* [DATA FOR THE TASK]

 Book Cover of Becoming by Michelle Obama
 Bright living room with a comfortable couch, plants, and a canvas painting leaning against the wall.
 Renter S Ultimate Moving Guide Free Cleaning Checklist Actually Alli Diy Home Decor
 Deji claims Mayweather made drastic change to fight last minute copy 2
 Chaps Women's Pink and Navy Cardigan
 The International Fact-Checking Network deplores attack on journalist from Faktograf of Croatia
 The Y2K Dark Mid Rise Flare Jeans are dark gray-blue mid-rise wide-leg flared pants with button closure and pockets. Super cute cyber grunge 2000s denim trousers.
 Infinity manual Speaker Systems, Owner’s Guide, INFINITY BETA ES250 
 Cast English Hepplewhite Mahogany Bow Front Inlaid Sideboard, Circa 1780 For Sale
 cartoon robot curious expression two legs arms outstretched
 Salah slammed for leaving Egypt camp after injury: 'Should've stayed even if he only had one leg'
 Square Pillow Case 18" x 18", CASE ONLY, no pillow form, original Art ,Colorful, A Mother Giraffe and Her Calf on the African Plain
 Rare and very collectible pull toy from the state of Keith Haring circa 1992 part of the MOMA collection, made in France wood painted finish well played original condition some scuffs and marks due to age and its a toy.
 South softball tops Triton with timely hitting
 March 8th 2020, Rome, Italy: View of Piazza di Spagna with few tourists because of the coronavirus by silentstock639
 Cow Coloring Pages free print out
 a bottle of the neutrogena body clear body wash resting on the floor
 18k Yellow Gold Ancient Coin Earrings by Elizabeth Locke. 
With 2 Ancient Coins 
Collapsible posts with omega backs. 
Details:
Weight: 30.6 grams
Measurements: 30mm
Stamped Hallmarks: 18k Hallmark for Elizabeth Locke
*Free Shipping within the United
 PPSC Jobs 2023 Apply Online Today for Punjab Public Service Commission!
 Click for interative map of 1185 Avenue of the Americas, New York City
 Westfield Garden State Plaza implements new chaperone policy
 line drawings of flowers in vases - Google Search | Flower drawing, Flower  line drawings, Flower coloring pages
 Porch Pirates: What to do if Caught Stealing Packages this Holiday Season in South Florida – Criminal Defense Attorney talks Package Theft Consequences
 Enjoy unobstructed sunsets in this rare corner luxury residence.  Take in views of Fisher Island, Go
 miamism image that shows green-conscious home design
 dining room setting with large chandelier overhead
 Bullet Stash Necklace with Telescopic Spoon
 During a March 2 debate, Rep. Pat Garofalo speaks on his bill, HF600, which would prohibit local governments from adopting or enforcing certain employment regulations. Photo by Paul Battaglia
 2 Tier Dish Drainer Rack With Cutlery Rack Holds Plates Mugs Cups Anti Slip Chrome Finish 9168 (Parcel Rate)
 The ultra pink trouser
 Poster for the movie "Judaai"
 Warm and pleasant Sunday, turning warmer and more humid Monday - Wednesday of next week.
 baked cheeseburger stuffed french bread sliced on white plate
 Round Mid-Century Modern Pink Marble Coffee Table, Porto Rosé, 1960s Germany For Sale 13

* [DIRECTIONS] Report only the number of lines in the records that include the word "room".

* [RESPONSE] 2